What this task involves: With pictures left out, return only the lines from the line containing "Omnichannel Synchronization Thumbnail.jpg" through the end of the material below, both included.

Recorded information:

******

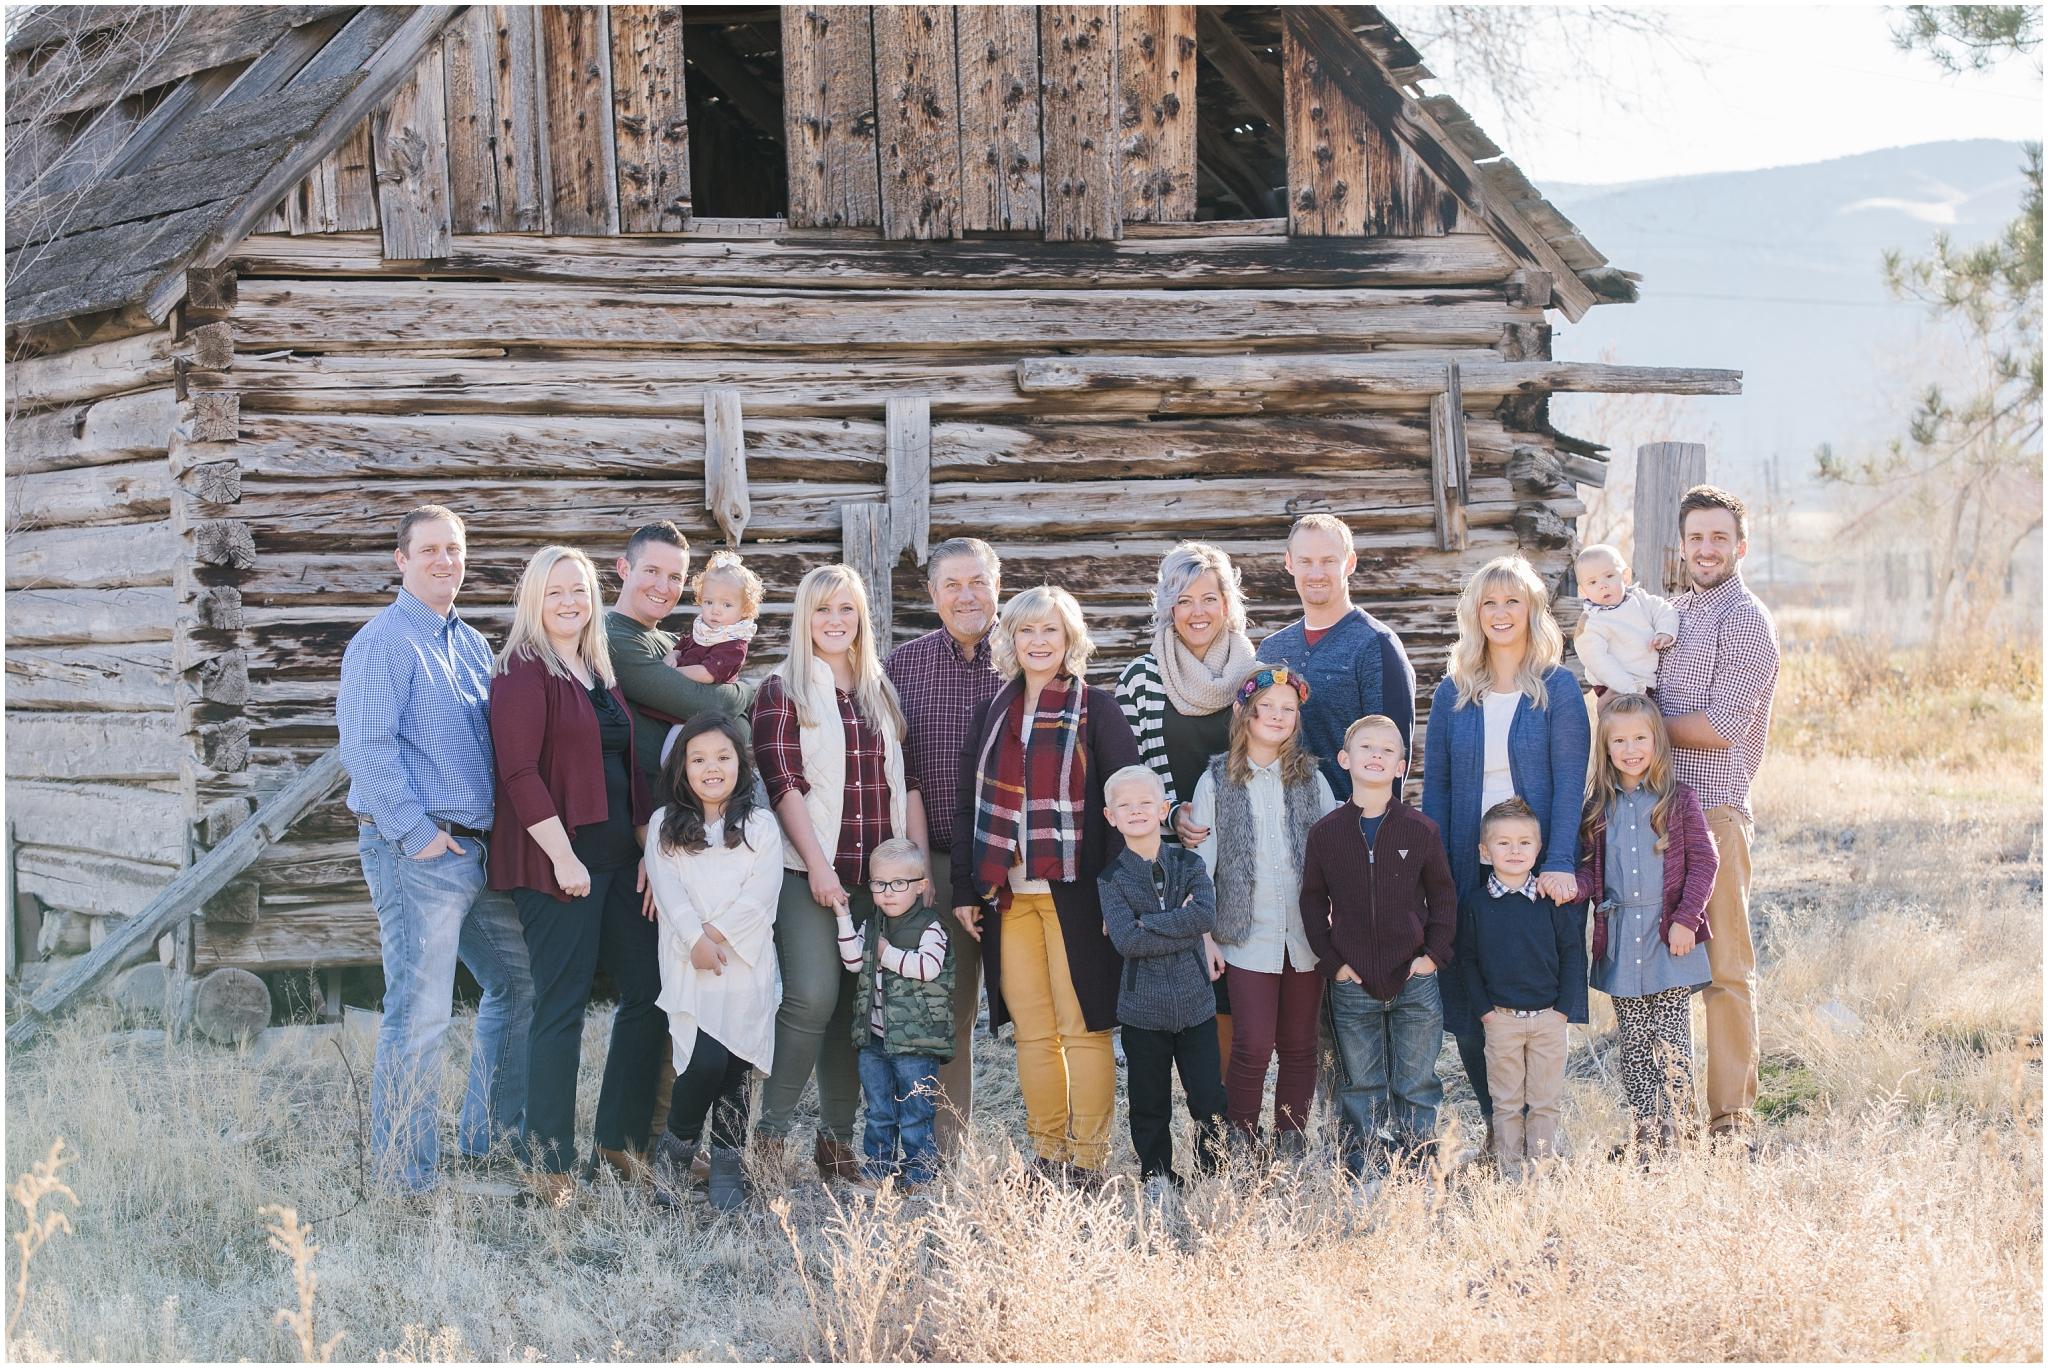 Laws-12_Lizzie-B-Imagery-Utah-Family-Photographer-Salt-Lake-City-Park-City-Davis-County-Clearfield.jpg
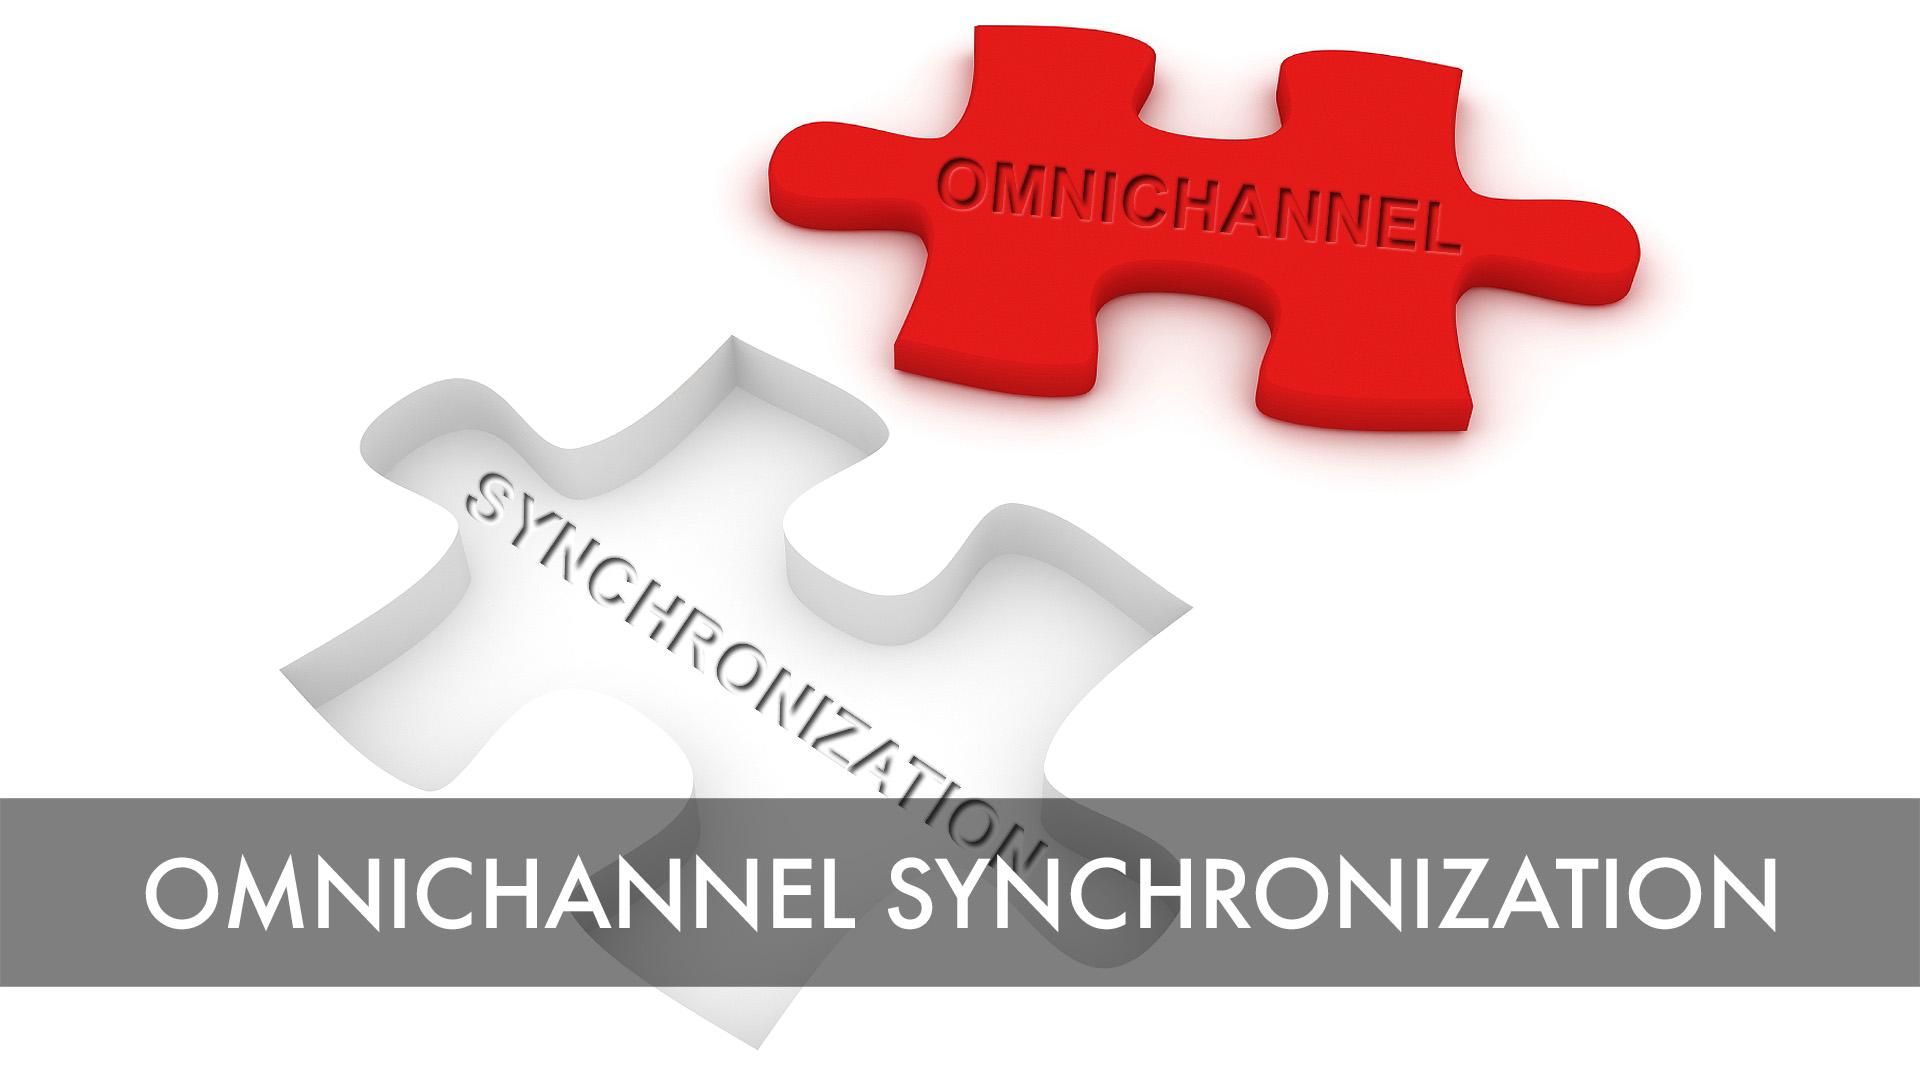 Omnichannel Synchronization Thumbnail.jpg
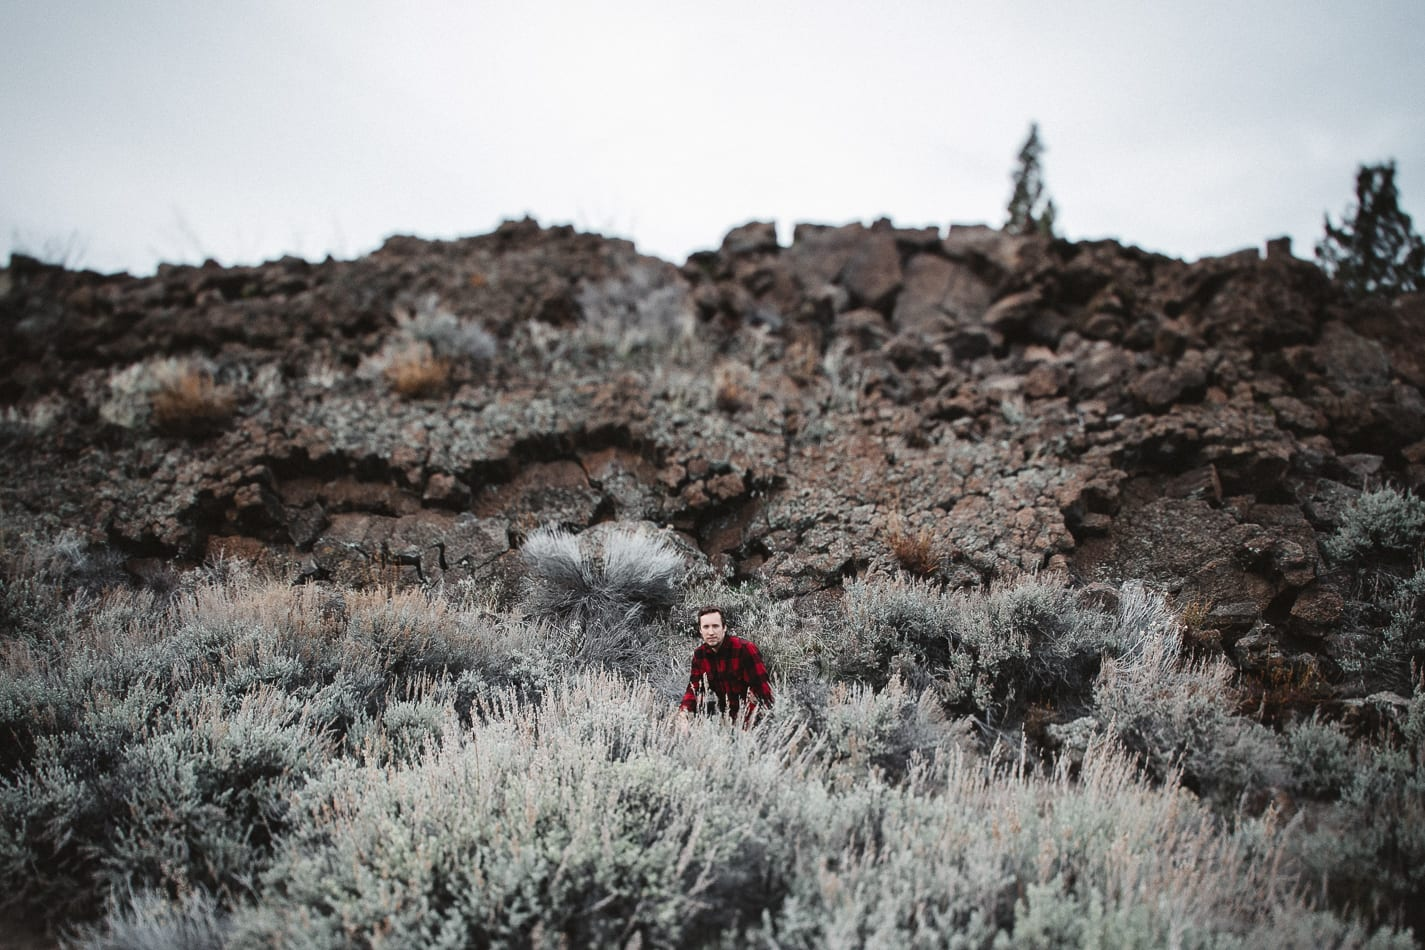 pluto-cave-mount-shasta-lifestyle-portrati-photo-36

******

Answer box:
 Omnichannel Synchronization Thumbnail.jpg
 pluto-cave-mount-shasta-lifestyle-portrati-photo-36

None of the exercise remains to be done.